Practice Short cuts

What's new in the other general journals

BMJ 2006; 332 doi: (Published 04 May 2006) Cite this as: BMJ 2006;332:1084
  1. Alison Tonks (atonks{at}, associate editor

    Implantable cardiac devices have substantial failure rate

    Pacemakers and implantable cardioverter defibrillators save lives—but only when they work. Although millions of people have these devices, it's hard to say accurately how often they fail and how often the patient's life is at risk when they do. All we know is that malfunction is not a rare event.

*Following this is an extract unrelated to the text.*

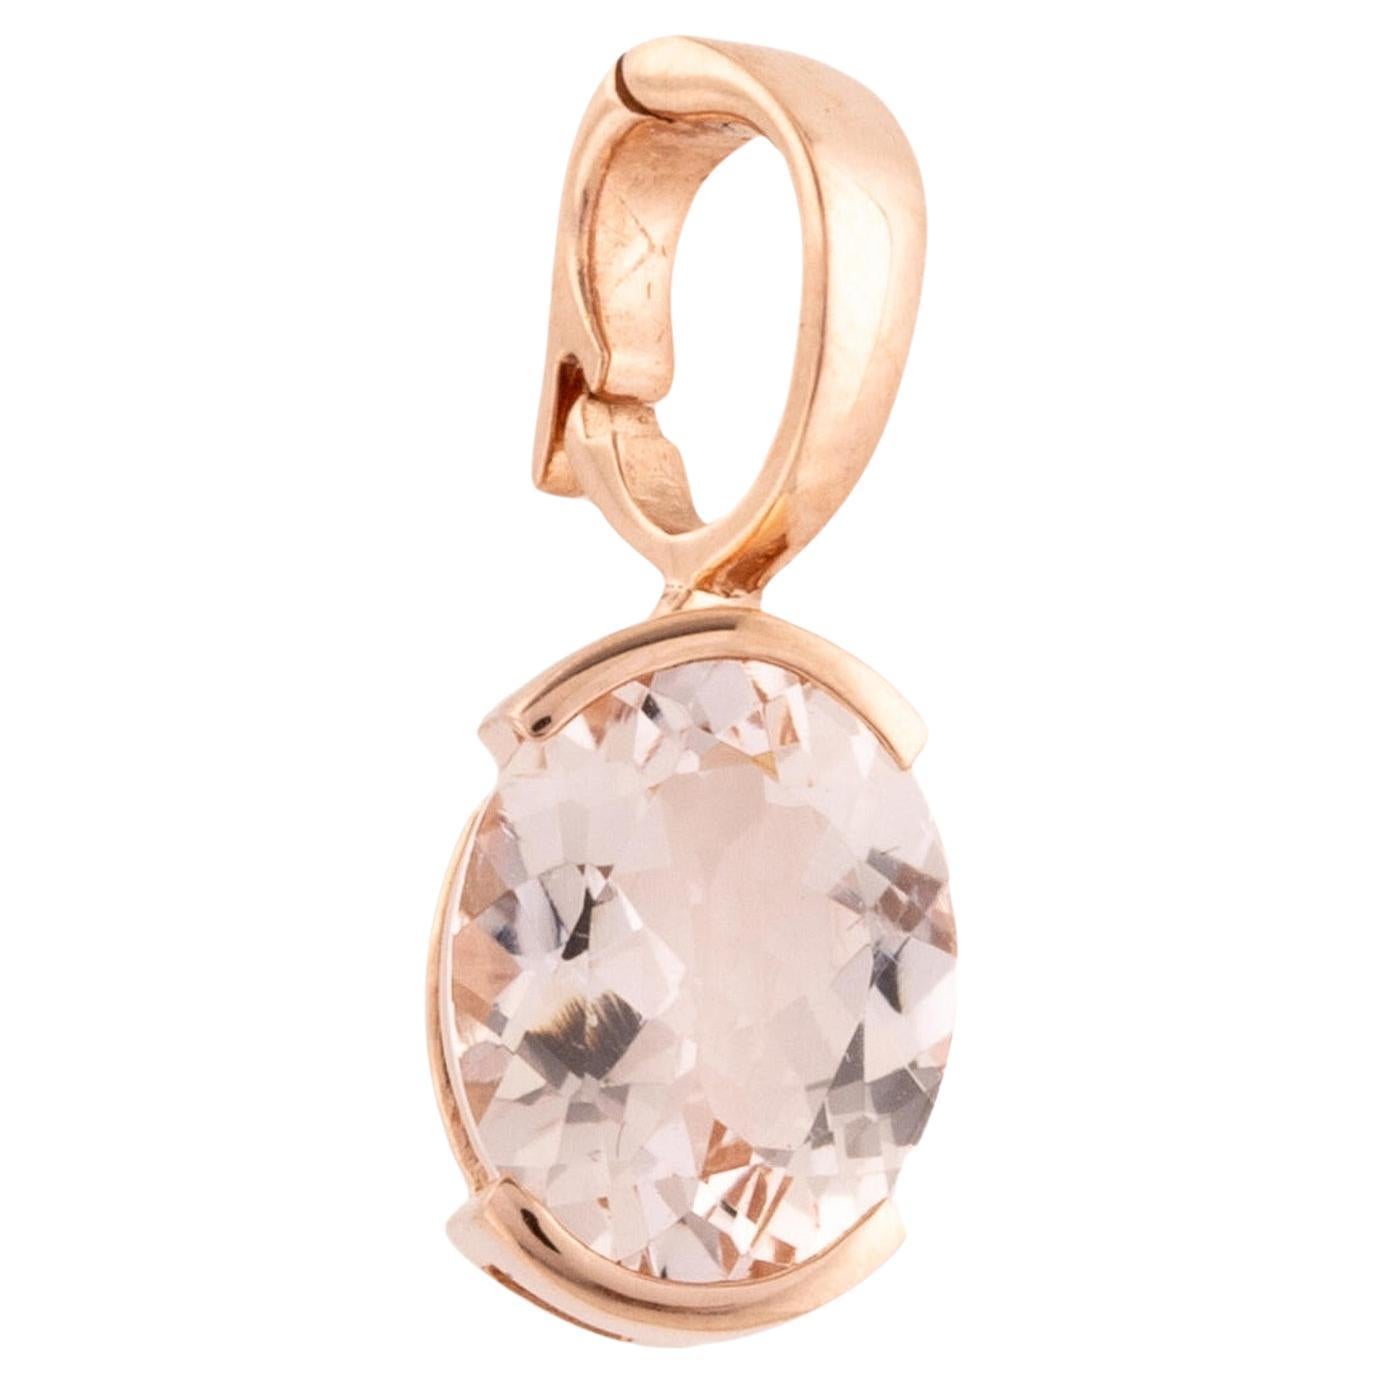 Luxury 14K 2.50ctw Morganite Pendant - Exquisite Gemstone Statement in Rose Gold For Sale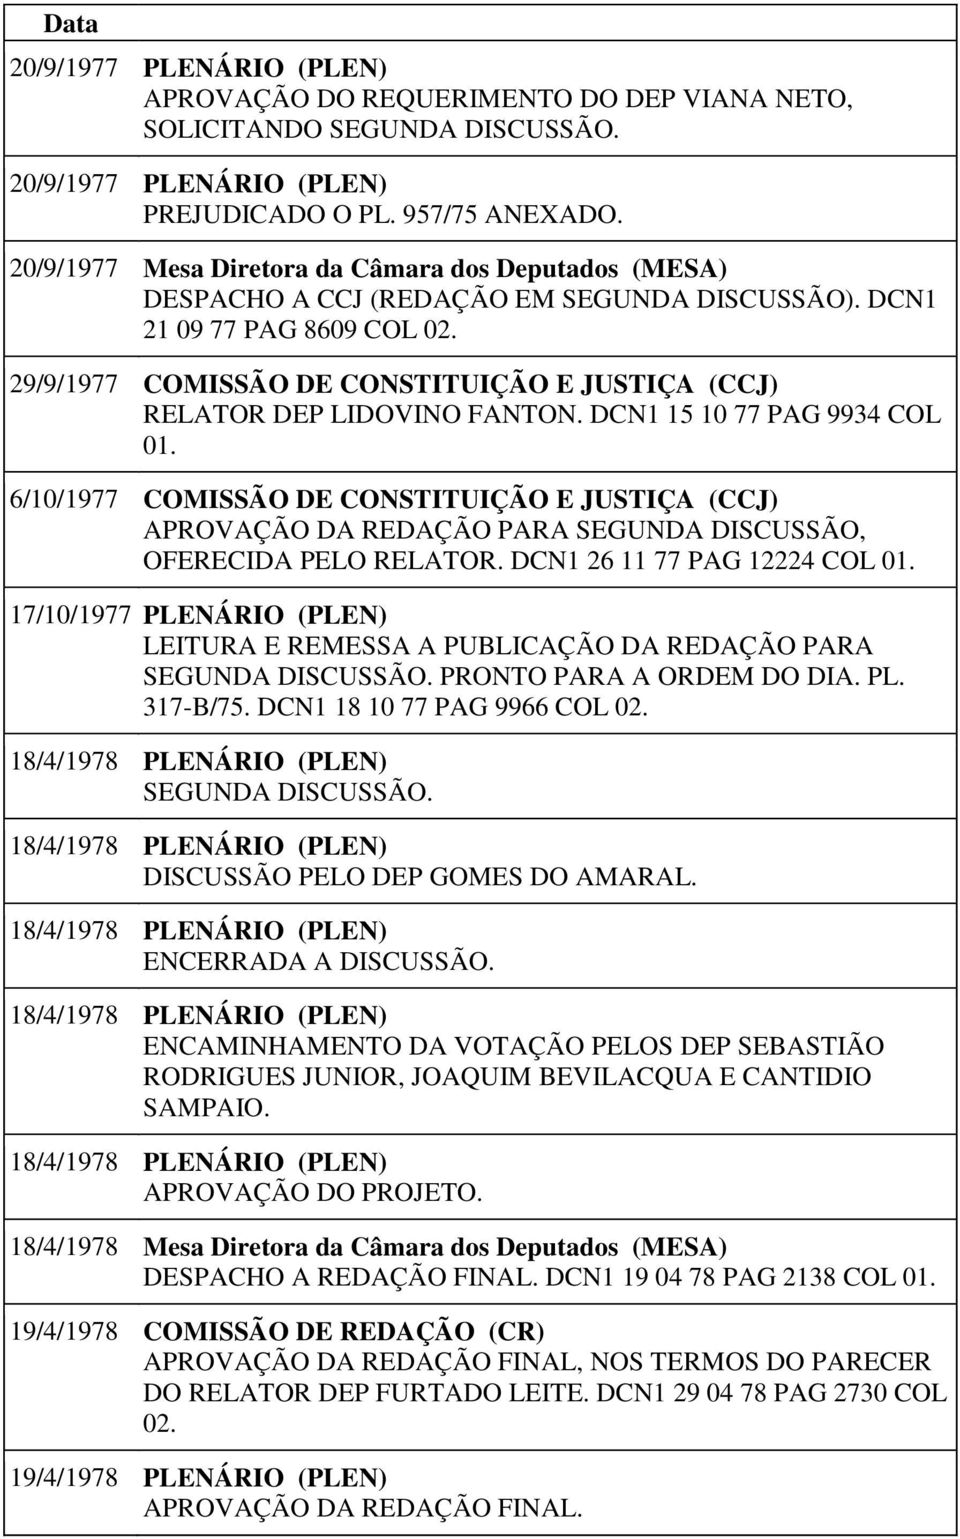 29/9/1977 COMISSÃO DE CONSTITUIÇÃO E JUSTIÇA (CCJ) RELATOR DEP LIDOVINO FANTON. DCN1 15 10 77 PAG 9934 COL 01.

    After appraising two new papers on the subject (pp 1901-6 and 1929-34), one commentator estimates that about seven in every 1000 pacemakers and about 21 in every 1000 cardioverter defibrillators malfunction badly enough to need replacing. Neither of these estimates included devices that broke down because of faulty leads. Nor did the estimates include people who died as a result of their device malfunctioning. Unreliable reporting means that both estimates are likely to be lower than the real rate, which, for pacemakers at least, seems to be going down. The trend for cardioverter defibrillators looks less predictable.

    Information on the safety of these devices is a complex mosaic, the author writes, and many of the pieces are still missing. What, for example, should doctors do when regulators issue a safety warning about a particular model? In a third paper (pp 1907-11), doctors from Canada electively replaced the “faulty” cardioverter defibrillator in about a fifth of their patients, although some replaced none and others replaced 45% (24/53). In 6% (31/533) of patients, the elective replacement caused serious surgical complications, most commonly bleeding and infections. Two patients died.

    Calls from a “prevention coach” help women remember cancer screening

    Poor US women often miss out on recommended cancer screening services. In an attempt to reach them, researchers trained “prevention coaches” to telephone and motivate women to keep up to date with their cervical screening, mammography, and colorectal cancer screening. The coaches used a partially scripted interview technique to find out why women weren't attending and how any barriers to screening could be overcome. The coaches couldn't order screening tests but were able to organise transport to appointments, send reminders, and help with language barriers between women and their doctors.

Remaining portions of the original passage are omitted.